Set in the bhayya belt of Uttar Pradesh, Ishqiya is the tale of two petty thieves – Khaalujaan (Naseeruddin Shah) and Babban (Arshad Warsi) who’re on the run from a goon who’ve they robbed and end up in sleepy Gorakhpur, taking refuge in the house of their old friend. The friend is dead now but his widow Krishna (Vidya Balan) gives them shelter nevertheless and decides to help them out when the goons threaten them with a pay-up-or-perish deadline. The three put their heads together and plan a sinister coup & as the plot unfolds layer-by-layer, several hidden truths and stealth motives come to light.
The seemingly odd love triangle between Khalujaan – Krishna – Babban is the highpoint of the movie and is quite well handled. Khalujaan’s romance is old-school, clean, pure, delicately developed around tender talks, mundane kitchen-tasks and nuanced by some old hindi film music from S D Burman and Hemant Kumar. Babban’s is raw, bashful, physical and lustful in nature. And fitted to the latest & raunchiest filmy tunes – something that highlights the generational gap between the protagonists.

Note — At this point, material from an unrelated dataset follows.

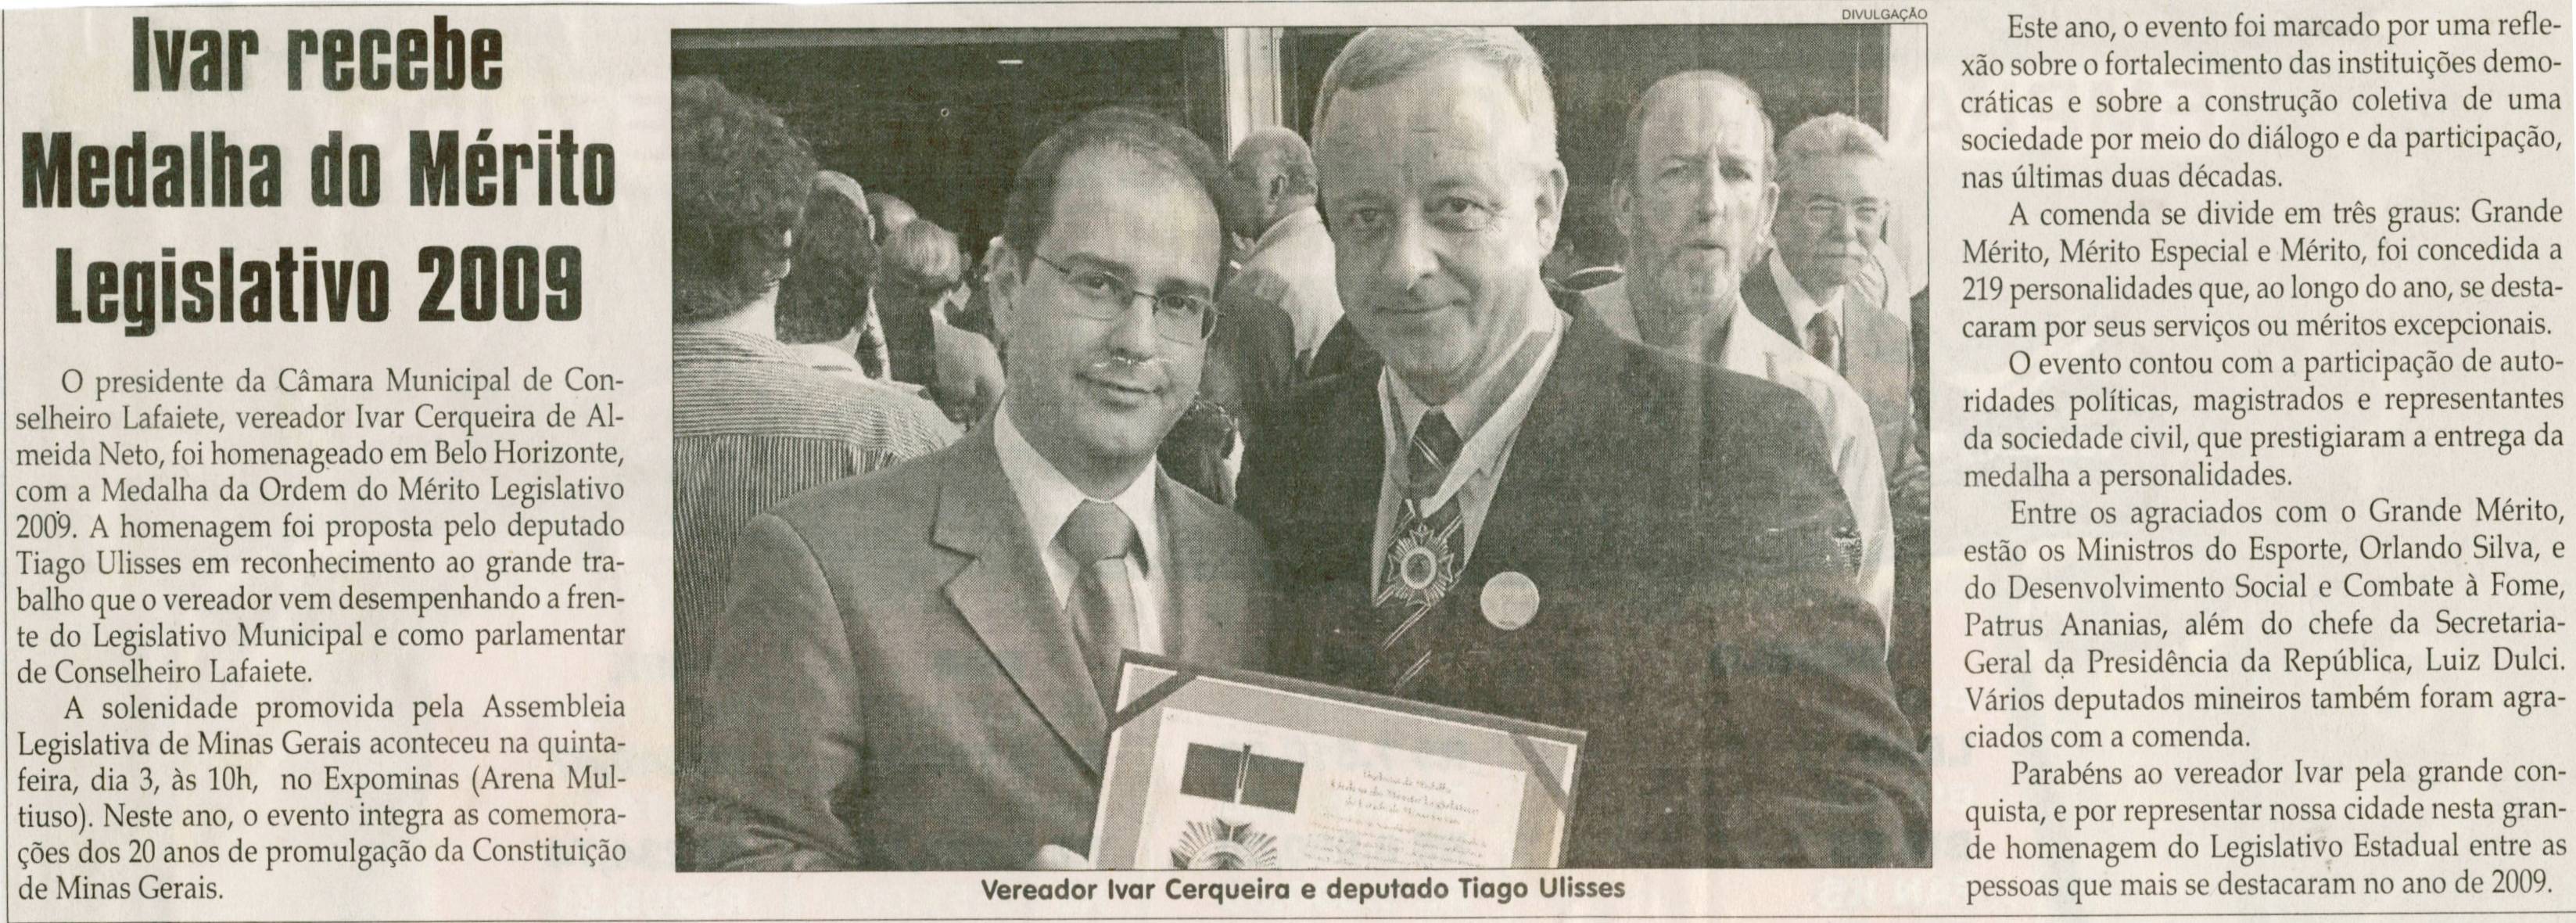 Ivar recebe medalha do Mérito Legislativo 2009. Jornal Correio da Cidade, Conselheiro Lafaiete, 12 dez. 2009, p. 04.

Krishna plays up to both advances with aplomb and suavely manages to manipulate both to her advantage.
All three actors’ performances are excellent. We all know Naseer’s a truly capable actor and he delivers a carefully restrained performance. Arshad impressed us all as Circuit/Lucky/Ballu/Madhav and now he adds the brashful and free-willed Babban to his growing repertoire of likeable characters. Vidya Balan is surely a revelation (at least for me!) and plays the lonely romantic, the lustful seductress and the scheming wench with aplomb. She rises a few notches as an actress but I wouldn’t agree with my co-watchers that she’s HOT! Apart from the love triangle, the chemistry between Naseer and Arshad is also crackling.
The movie’s other aces include the peppy dialogues, which are expectedly crude and raw but never come across as ill-fitting or out-of-place. In fact, there’s a palpable lack of more juicy expletives, which is usually the norm for such rustic locales & people. The two songs – badi dheere jali and dil to bachcha hae ji – do not hamper the narrative in any way and complement it just nicely.
For me, the drawbacks included the at-times convoluted sub-plot of the local sena and the arm smuggling nexus, which is never fully explained or justified. Krishna’s ulterior motives are justified but to wait till Babban and Khalujaan show up is also never explained. There are several loose ends towards the climax, which left me with a ? over my head as the movie ended. And the climax in itself was kinda odd and was seemingly out-of-context with the initial motives.
Negatives aside, its a given that Ishqiya is one of the better films to have come out of Bollywood in recent times. Its neither a leave-your-brains-at-home type of a caper nor a movie for the intelligentsia. The apparent rustic setting may make it seem like its a movie for the masses but as I found out in today’s screening at PVR, even the hi-fi multiplex junta are loving it. Watch it, preferably in a single-screen theatre to fully enjoy the laughs and comments that are thrown at it.